The Ogden Family, Elizabethtown Branch by William Ogden Wheeler (1907) reprints the following letter in it's entry for my ancestor Aaron Ogden, who was Brigade Major under William Maxwell during Knyphausen's Raid. It was addressed to his father, Robert Ogden Esq., who had left their home in Royalist occupied Elizabethtown and was then in Trenton.
"Jersey camp at Springfield, June 15th, 1780.
Honored Sir, Wishing to relieve that anxiety in you, which must fill every breast in the present posture of affairs, I set down to give you as much satisfaction as is in my power.
On the night if the 6th Inst. the enemy landed at Elizth Town; it is supposed, with about 5,000 troops, including three hundred Dragoons & a large train of artillery - their advance reached Connecticut farms soon after Day break, where they were opposed by some small parties of the Jersey Brigade & a few militia - they did not pass the defile till after they had received reinforcements from Town - much scirmishing (sic) happened during the day, in which almost the whole of Brigade were at different times engaged assisted with a considerable body of militia, who on this occasion merit much praise & have, I think, acquired to themselves lasting honor.
Our loss in the Brigade is not very considerable, one Ensign killed, 3 [officers] wounded, 7 privates killed & 20 wounded, - from the dead found after their loss in killed, wounded & taken prisoners can not be less than two hundred - I speak within bounds in my opinion - the difference between our loss and theirs may perhaps appear incredible, but let it be considered that they were harassed by small parties on every side in such a manner that it was out of their power to make retaliation.
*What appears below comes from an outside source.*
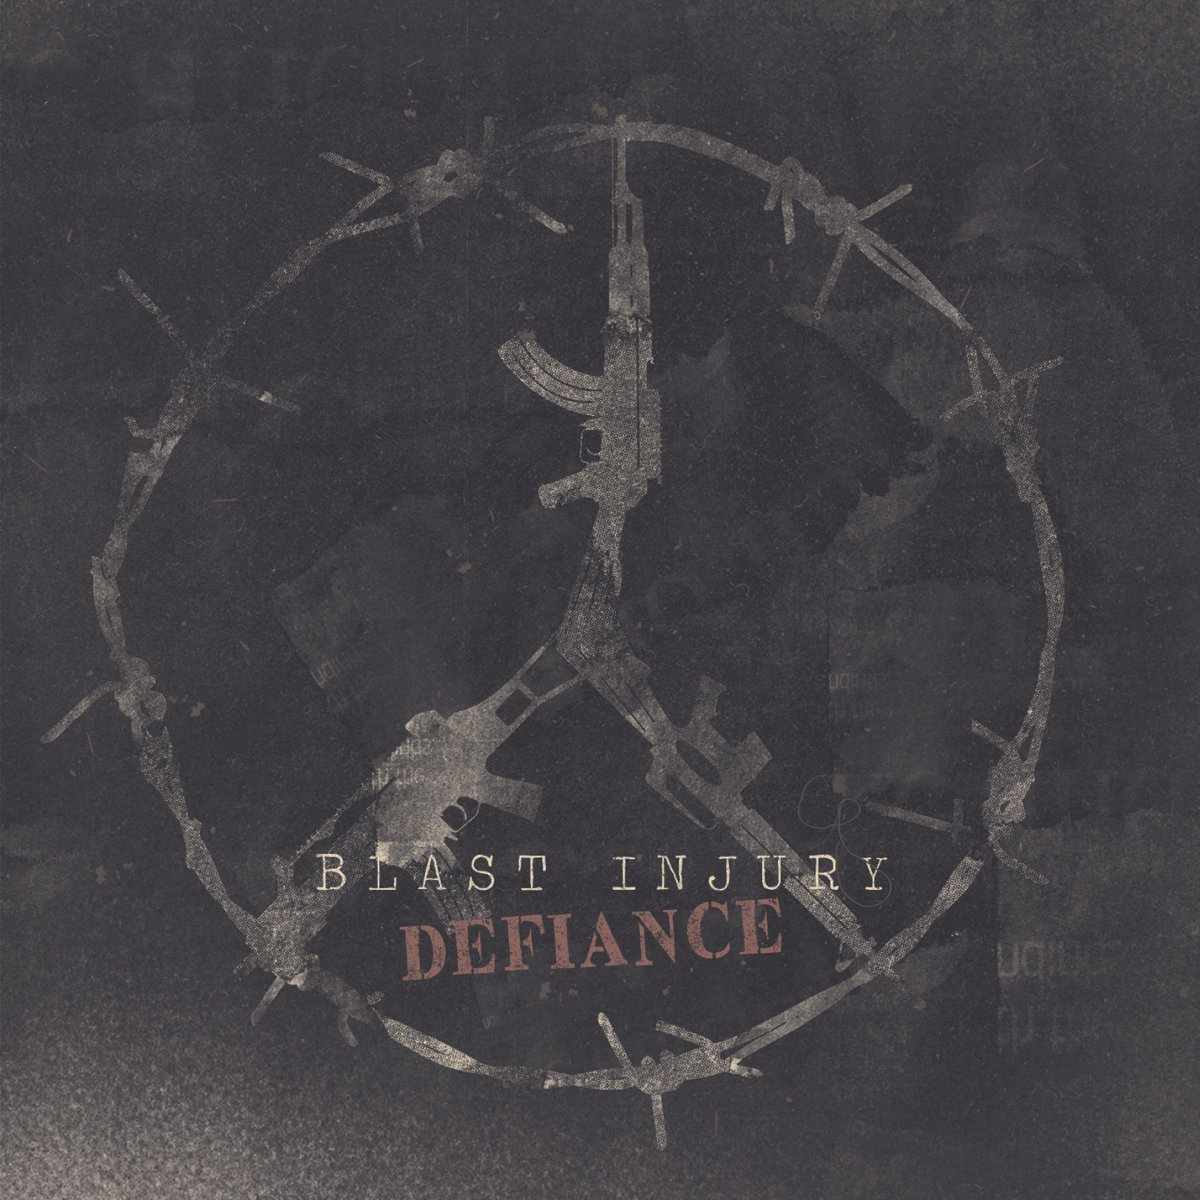 Defiance EP

That they were thoroughly sick of their situation appears evident from the silence & precipitancy of their retreat, which they performed under cover of night & a heavy shower of rain - it was not known in our camp untill (sic) the next morning. - Genl Hand, with two Battalions of Continental troops, fell on their rear a little below where Ebenezer Pine lives - he charged them with vigour, but superior force soon obliged him to retire - his loss was trifling.
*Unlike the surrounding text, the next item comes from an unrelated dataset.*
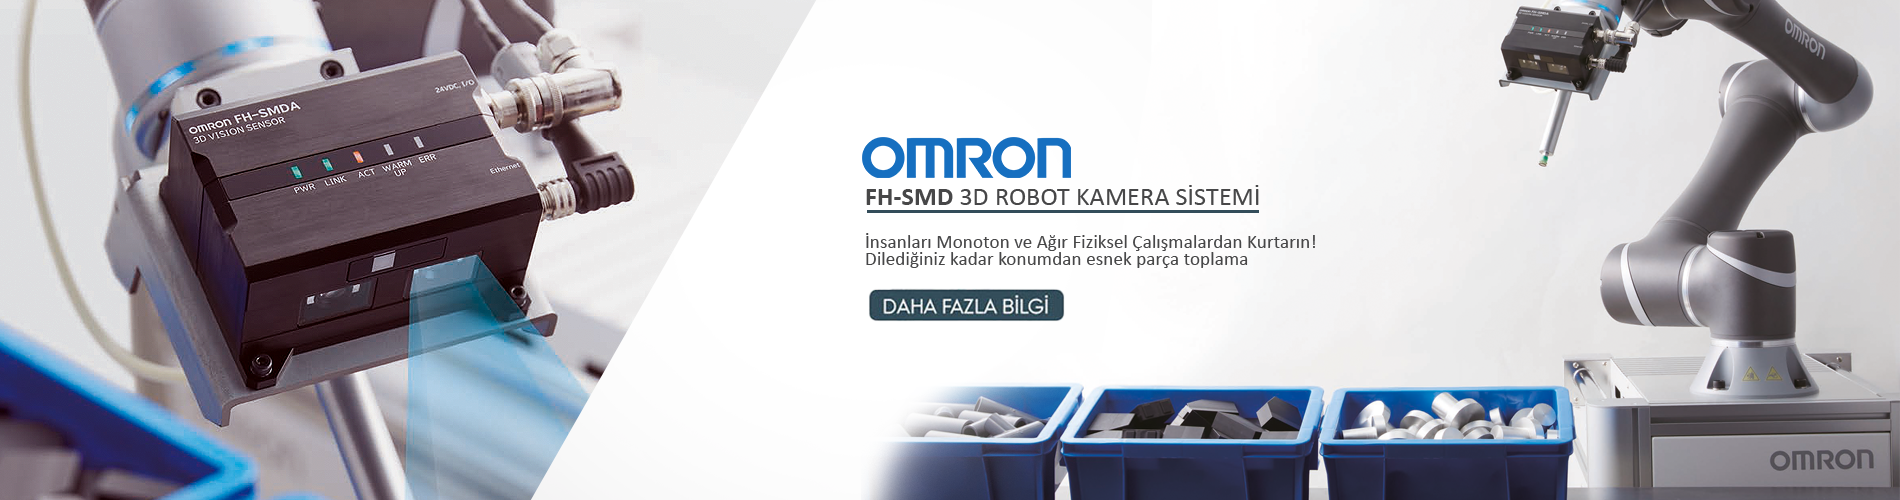 Omron-FH-SMD-3D-Robot-Kamera-Sistemi

Since that time nothing very material has happened - the advance of the enemy are as far up as the Town bridge the wooden bridge by Potters - their main body between the forks of the road & the ferries. - Our light parties do them very little injury in their present position. -
To develope (sic) the objective of the enemy in this excursion seems almost impossible - perhaps they may have been brought to believe that our small army would receive but little assistance from the militia - They may possibly suppose that our magazines of provisions are so small as not to be able to subsist a large body of men together but for a short time - I hope that such exertions will be made, as may disappoint our enemies in their expectations, and that hereafter our Continental regiments may be put into such a situation as may enable Genl Washington to make sufficient opposition without the aid of the militia, whose absence from their farms must be attended with bad consequence to agriculture on which our support depends. -
Had every State in the Union compleated (sic) their Battalions, which might have easily been done - this distress would not probably have come upon us. - On the weakness of our army our enemies build their hopes - they say that those few can not long hold together, - and that they must be more than men, who will fight, without pay, clothes or food. - A few vigorous exertions on our side might destroy these expectations, & make them wish to be at peace with us - what can more speedily bring our foes to terms, than our being prepared for war? - Oh! that every one would exert his power & influence to give vigour to our operations this campaign - & peace may again be established. I wish that matters of trifling importance might be dismissed & that a spirit of unanimity might prevail.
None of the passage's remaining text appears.